Why calibration matters

Without calibration, comparison can be biased by arbitrary friction settings. Calibration aligns lateral capability first, so differences are easier to attribute to model structure rather than parameter mismatch.

Theoretical calibration note

The calibration step fits an effective point-mass friction value so that point-mass lateral limits approximate single-track lateral limits over a speed set. Conceptually, this is a least-squares fit:

\[ \mu^\star = \arg\min_{\mu}\sum_i\left(\mu\,a_n(v_i)-a_{y,\mathrm{lim},\mathrm{single\text{-}track}}(v_i)\right)^2 \]

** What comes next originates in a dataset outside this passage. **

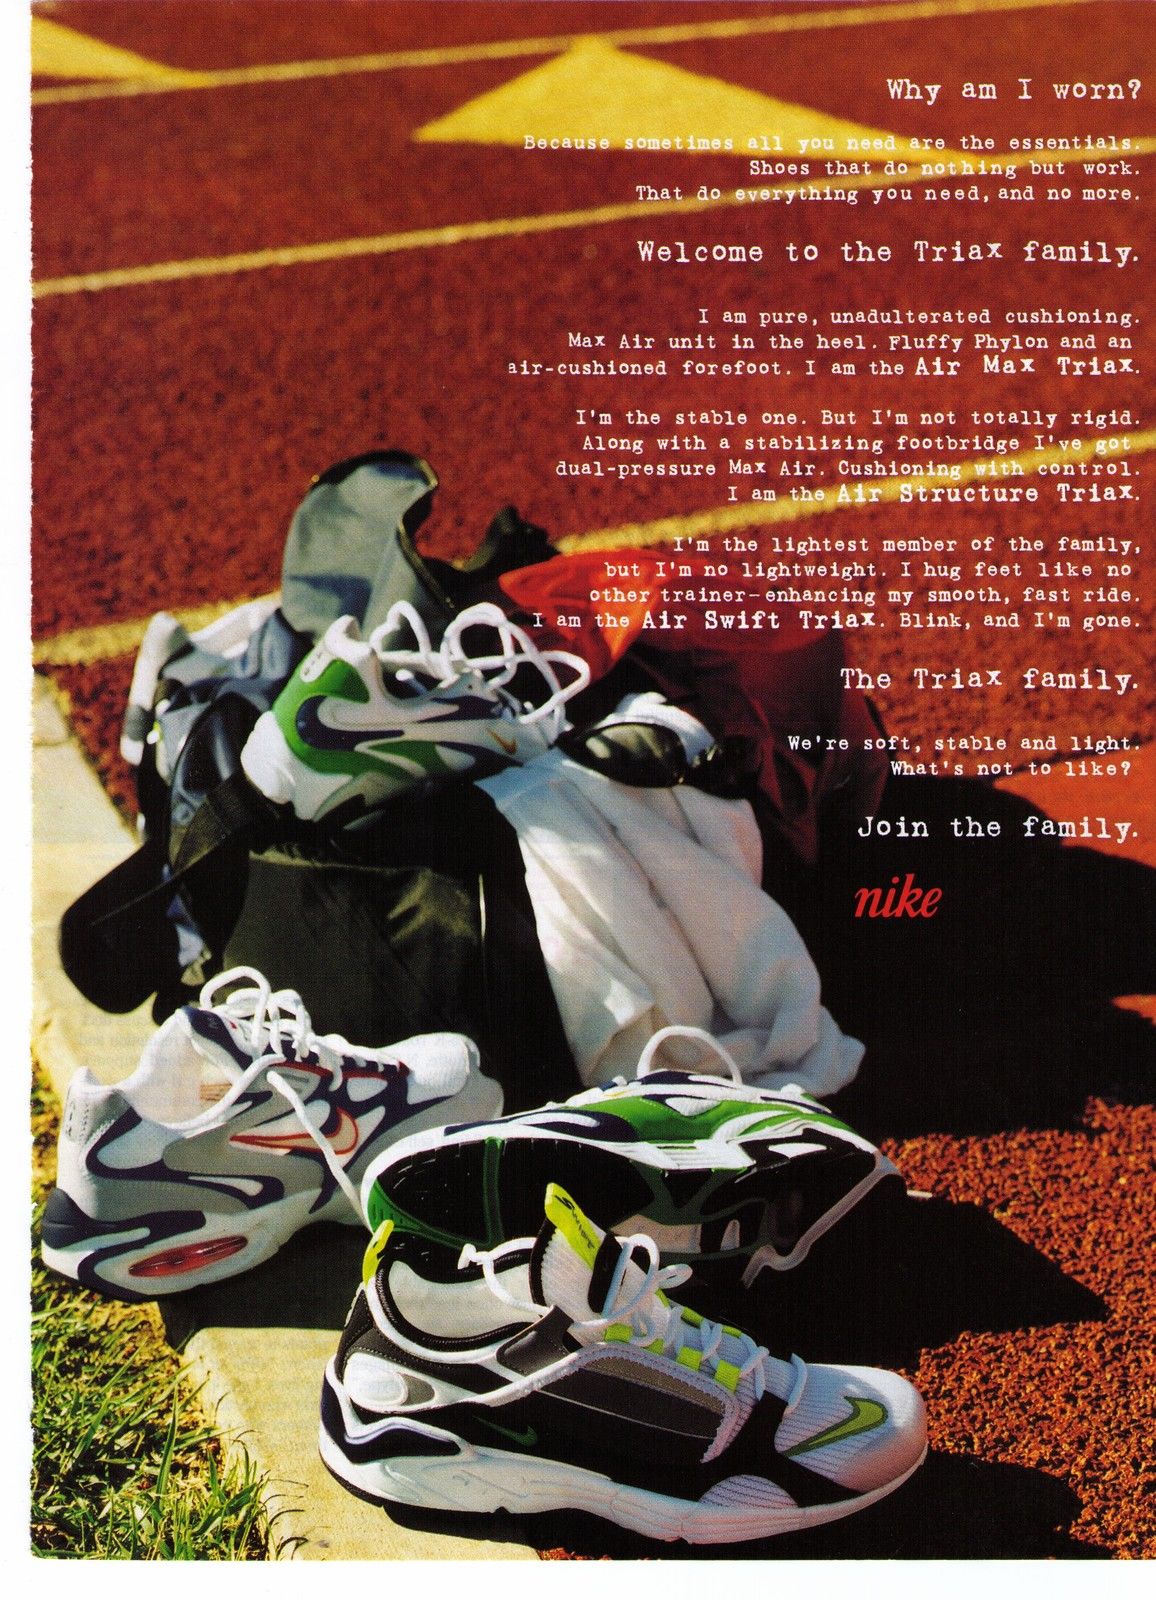 noodzaak vaak binnenvallen Nike Air Swift Triax Running Shoe 1998

This keeps cross-model comparison focused on structure, not arbitrary parameter offsets.

Main artifacts

  1. examples/output/spa/comparison/comparison_kpis.json
  2. examples/output/spa/comparison/speed_trace_comparison.png
  3. examples/output/spa/comparison/single_track/kpis.json
  4. examples/output/spa/comparison/point_mass_calibrated/kpis.json

How to read delta metrics

  • lap_time_delta: single-track minus point-mass lap time.
  • mean_abs_speed_delta: average absolute speed-gap over the full lap.
  • max_abs_speed_delta: largest local disagreement.

Interpretation rule: Use local speed differences along arc length to explain global KPI deltas.

Neutral comparison protocol

  1. Keep track data and runtime config identical for both models.
  2. Compare lap time, mean absolute speed delta, and local peak delta together.
  3. Attribute observed differences to specific mechanisms: yaw/axle dynamics, tire-model detail, or simplified envelopes.
  4. State clearly where point-mass is sufficient and where single-track is required.